Sunday, February 28, 2016

Ranting On...the Chris Christie Endorsement

Politics makes strange bedfellows.  This is a fact few people could quibble with, and it was proven once again this past Friday when Chris Christie decided to throw caution to the wind and endorse Donald Trump for the presidency.  Christie’s endorsement cannot be seen as anything other than a huge victory for the New York billionaire, as Christie is his first gubernatorial sign-off to his campaign (Paul LePage of Maine followed suit quickly) and the endorsement race is really the only aspect of the presidential campaign that Trump has been lagging behind Marco Rubio.  The reaction from both the media and the establishment Republicans has been a combination of betrayal and shock.  Indeed, this is a major turning point in the election, as Christie, the former US Attorney, RGA Chair and sitting governor of New Jersey is pretty much the definition of a mainstream member of the GOP getting behind Christie’s campaign.  The question is, of course, what does this mean and was this the right decision for Trump and Christie?

As I stated above, this couldn’t have been a better situation for Trump.  As the weeks have progressed, one of the biggest obstacles that has emerged to his candidacy is that his party’s leaders, the likes of Mitch McConnell, John McCain, and Mitt Romney, don’t want him to be the nominee.  In fact, if you polled the Republicans in Congress on a secret ballot, you’d be hard-pressed to find ten members of the Republican conference who would stand for Trump.  As a result, by getting Christie (and to a lesser extent, LePage) onto his team, particularly after a rather harsh campaign between the two, Trump now can claim that he is a candidate who can bring the party together.  Additionally, after Thursday night where Marco Rubio outperformed Trump (though I actually paid attention to this debate and I feel like the media’s acting a little desperate in its attempt to re-route the Rubio candidacy in a last-ditch effort to stop Trump), this totally dominated the conversation.  Trump got all of the media on Friday headed into the weekend thanks to Christie, and while Rubio certainly was out in the race, it wasn’t his name that was trending all day Friday on Twitter.

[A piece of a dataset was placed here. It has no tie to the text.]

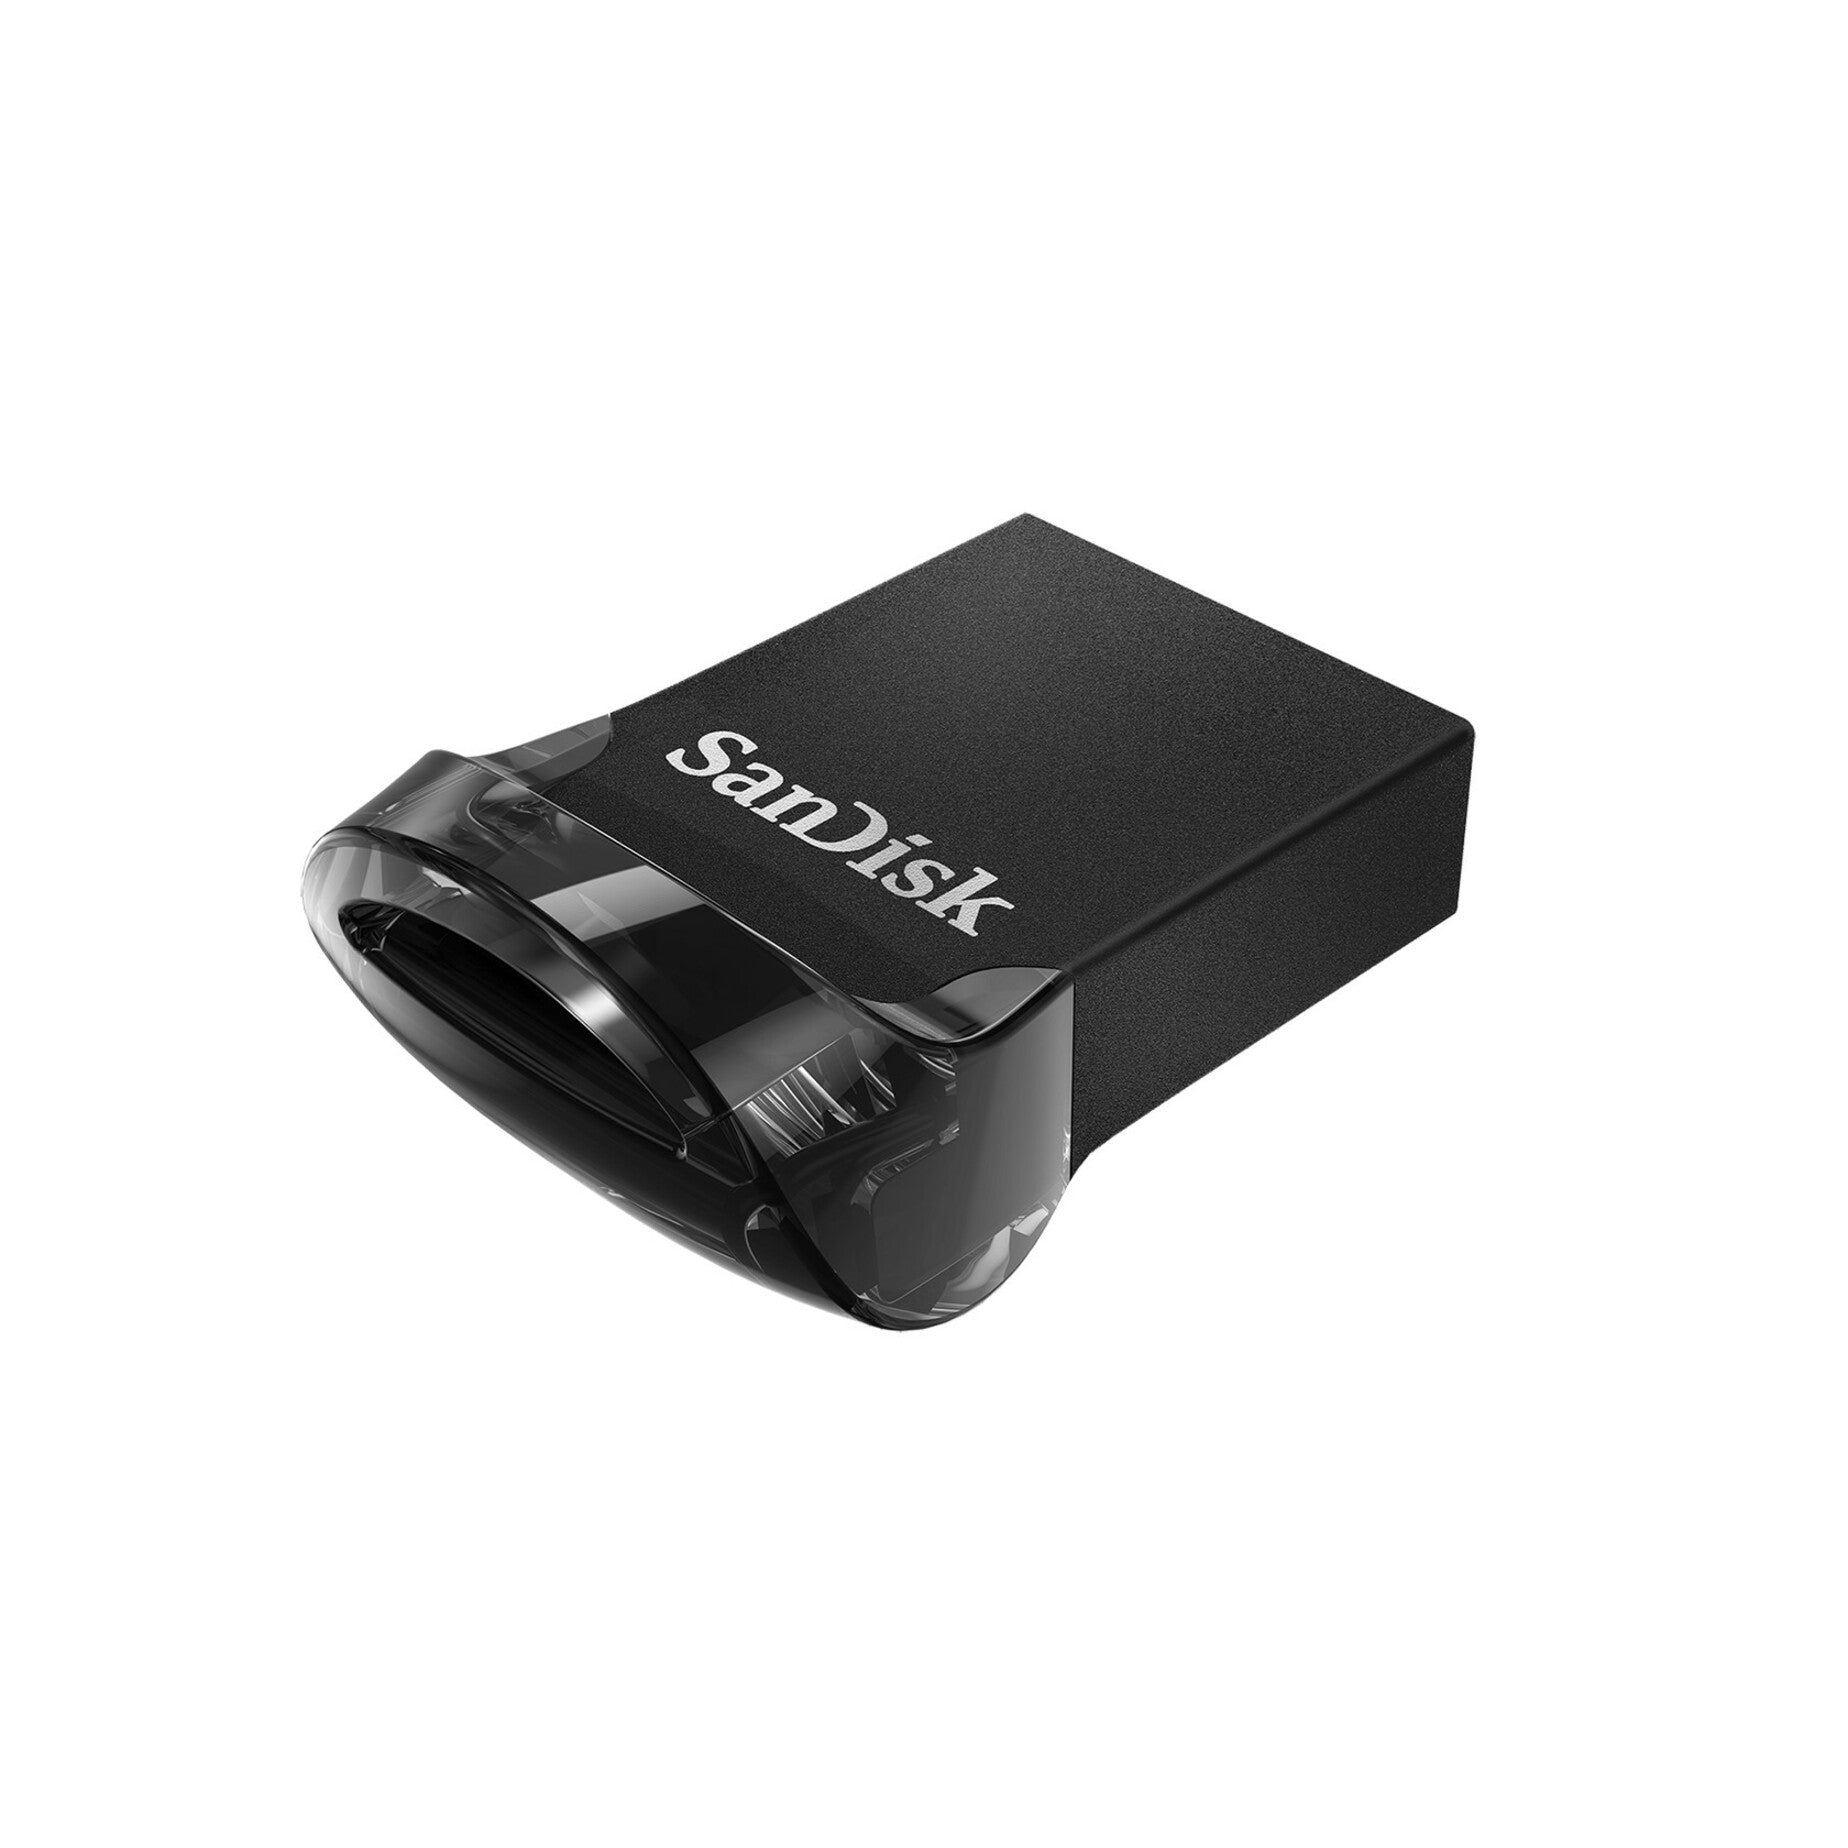 SanDisk SDCZ430-128G-A46 Ultra Fit USB 3.1 Flash Drive 128GB High-Speed Data Transfer and Compact Design SanDisk SDCZ430-128G-A46 Ultra Fit USB 3.1 Flash Drive 128GB Trasferimento dati ad alta velocità e design compatto

For Christie, the answers are also pretty obvious, even if they might appear cynical and self-serving (because, quite frankly, they are).  The New Jersey governor is wildly unpopular in his home state, is term-limited anyway, and has little-to-no chance of extending his relevancy with a stint in the Senate.  As a result, considering his lackluster campaign for the White House in 2016, his only option to continue on the national stage is in the presidential cabinet of a prospective White House contender.  Looking at the field, and assuming that Ted Cruz, John Kasich, and Ben Carson are all non-starters in terms of the Oval Office, he has either Marco Rubio, a man who is probably leaning toward a Kasich or a Nikki Haley and who hates Christie’s guts for derailing his momentum in New Hampshire, or Donald Trump, a man with a lot of support but few political powerbroker friends who could be seen as a theoretical running mate or attorney general.  Christie saw this opening, realized that he’s going to look much better to Trump than Sarah Palin or Jack Welch come June, and ran with it.  It could be faulty logic (this is a Hail Mary pass that Christie, if Trump fumbles and Rubio wins (still a possibility), will never recover from), but it’s a political risk with too much reward not to go for it, and Christie is a big enough name that no endorsement afterward (even someone like Mitt Romney or Ted Cruz) is going to matter in the same way.


The loser in this situation, therefore, is the GOP establishment and Marco Rubio.  The reality is that one of the main arguments against Trump being inevitable was that the GOP establishment wasn’t going to stand for him as the nominee.  With Christie, who is too engrained as a leader on the right to be questioned as such, now on-board I suspect other more wary, albeit less marquee-ready, names are going to feel that Trump is a possibility.  People like Jeff Sessions or Mike Huckabee could back the billionaire, though both have to be kicking themselves for not getting out in front of Christie as they will now have less cache as a theoretical running mate for Trump.  It’s been said a few times on this blog, but Trump is now in a very strong position to win the nomination, and part of Marco Rubio’s strategy is to win not just Tuesday and March 15th, but the media race between then and now.  Having Trump start to attract once-reluctant politicians to his side while pundits question whether he’s inevitable is the sort of thing that has happened to Hillary Clinton and made her so powerful.  The GOP establishment has a ticking clock right now, and Chris Christie just took 48 hours off of it.